Tracy has written a thorough and focused handbook on the most important concept of old school selling: techniques for closing the sale. It covers two dozen techniques, the sandwich close, the secondary close, the walk-away close, the today-only close, the porcupine close, the sharp-angle close. Each colorfully named technique is explained with specific examples of what the salesperson (and the prospect) might say. Tracy purports that “top sales professionals have their closes planned word for word, and so should you.” The book provides sufficient detail and examples so the reader can do just that. The book is thorough, to the point of repetition; which is better than the frustrating alternative of not enough detail to be useful.
The structure of the The Art of Closing the Sale is simple; lifestyle advice, then ten categories of objections, and finally closing techniques. The book briefly covers several other useful concepts for salespeople; the use of silence, debriefing sales meetings, and focusing; particularly on prospecting, presenting and closing.
Lifestyle advice.
Tracy devotes several early chapters to lifestyle advice. The premise is headlined as “Fly with the Eagles – get around positive people.” The author urges the reader to associate with people you admire who are successful, so “you will adopt their behaviors and be more successful.” He devotes much of the book to extolling “winning’ behaviors” including diet, exercise and sleep; and later addresses winners’ and losers’ sales behaviors. These chapters have a hokey, self-help feel that doesn’t contribute to the books focus on closing. Tracy’s entire background context for closing is be a winner; by being a positive winning person, you’ll use closing techniques more effectively. His lifestyle advice, delivered in corresponding doses of cheerleading and challenging would never find its way into a Clayton Christenson paper.
The Art of Closing the Sale introduces two premises that rang true for me, and are useful to keep in mind.
1. Salespeople unconsciously avoid the possibility of rejection and this limits effectiveness.
A good reminder; because we humans rationalize our behavior, it’s useful to ask ourselves what’s motivating that behavior. Is it a fear of rejection that’s keeping me from making that phone call? And if so, what should I be doing to move forward?
2. Buyers often hold on to a hidden objection.
I hadn’t heard this one before, but a hidden objection is a way for a buyer, either deliberately or unconsciously, to maintain control over a decision. Tracy says that until you unearth the hidden objection and satisfy it, you will not close the sale. He explains this premise, and it’s antidotes.
Where the Book Loses Me.
There are two kinds of sales books. The first, where the author, in snappy suit and matching pocket handkerchief, is pictured on the book’s cover, and the second, where he isn’t. This alone defines the text and the target more than anything else.
The enigma of The Art of Closing the Sale is that if you polled the most successful salespeople on the planet, few of them would have even heard of the sharp-angle close, the sandwich close, or the porcupine close, let alone employ them as techniques. Why is that?

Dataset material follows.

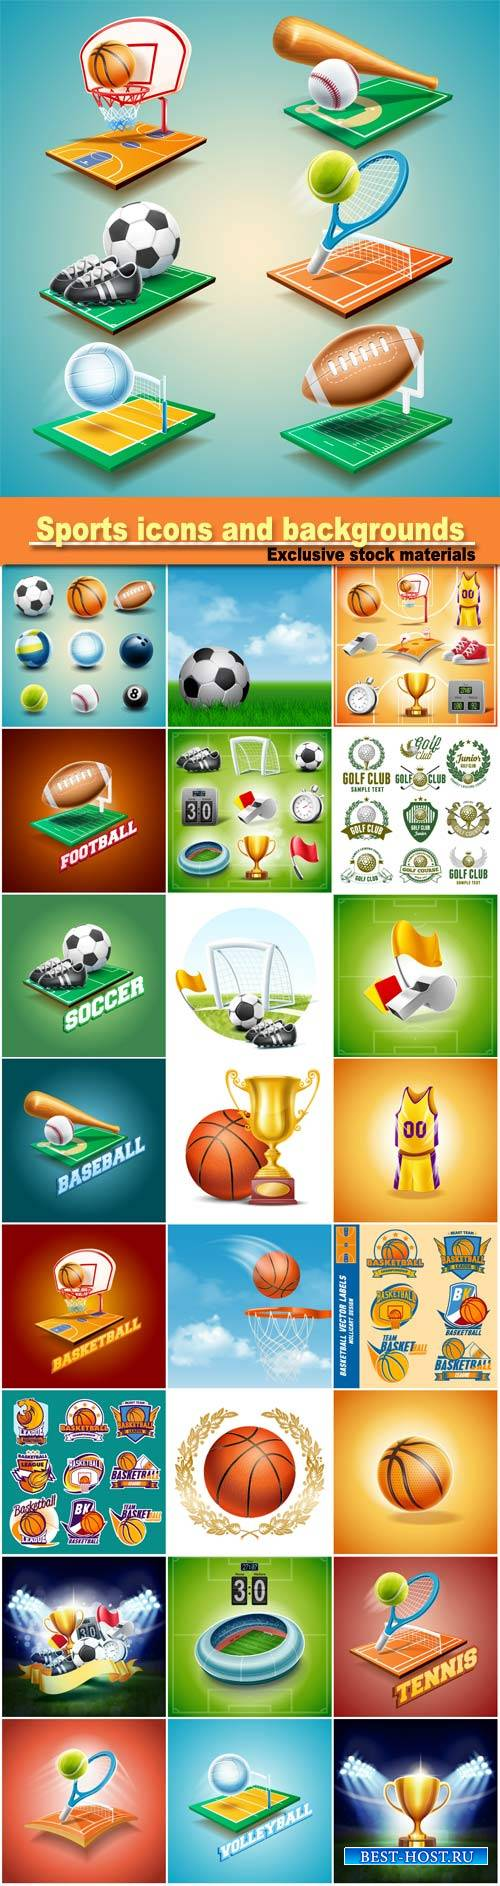 Sports icons and backgrounds vector, football, basketball, golf, baseball

Tracy assumes closing techniques work well all the time. He never asks Under what circumstances are closing techniques more or less helpful?
The author clearly expresses the techniques with simple explanations and examples, but is short on insightful analysis. Guidance for when and where closing techniques are effective and how to navigate their use, is context the reader needs. By omitting this analytical discussion, Tracy is making the assumption that closing techniques are of equal and critical importance for every type of salesperson and product. They aren’t. The book is too simple. It sets no context for when closing techniques are more important and when they are less important; only that if you’re a winner you’ll be a better closer.
As an example of context setting, here are two variables that can help you decide how hard to close.
1) The more emotional the buying experience, the more helpful closing techniques can be to a salesperson.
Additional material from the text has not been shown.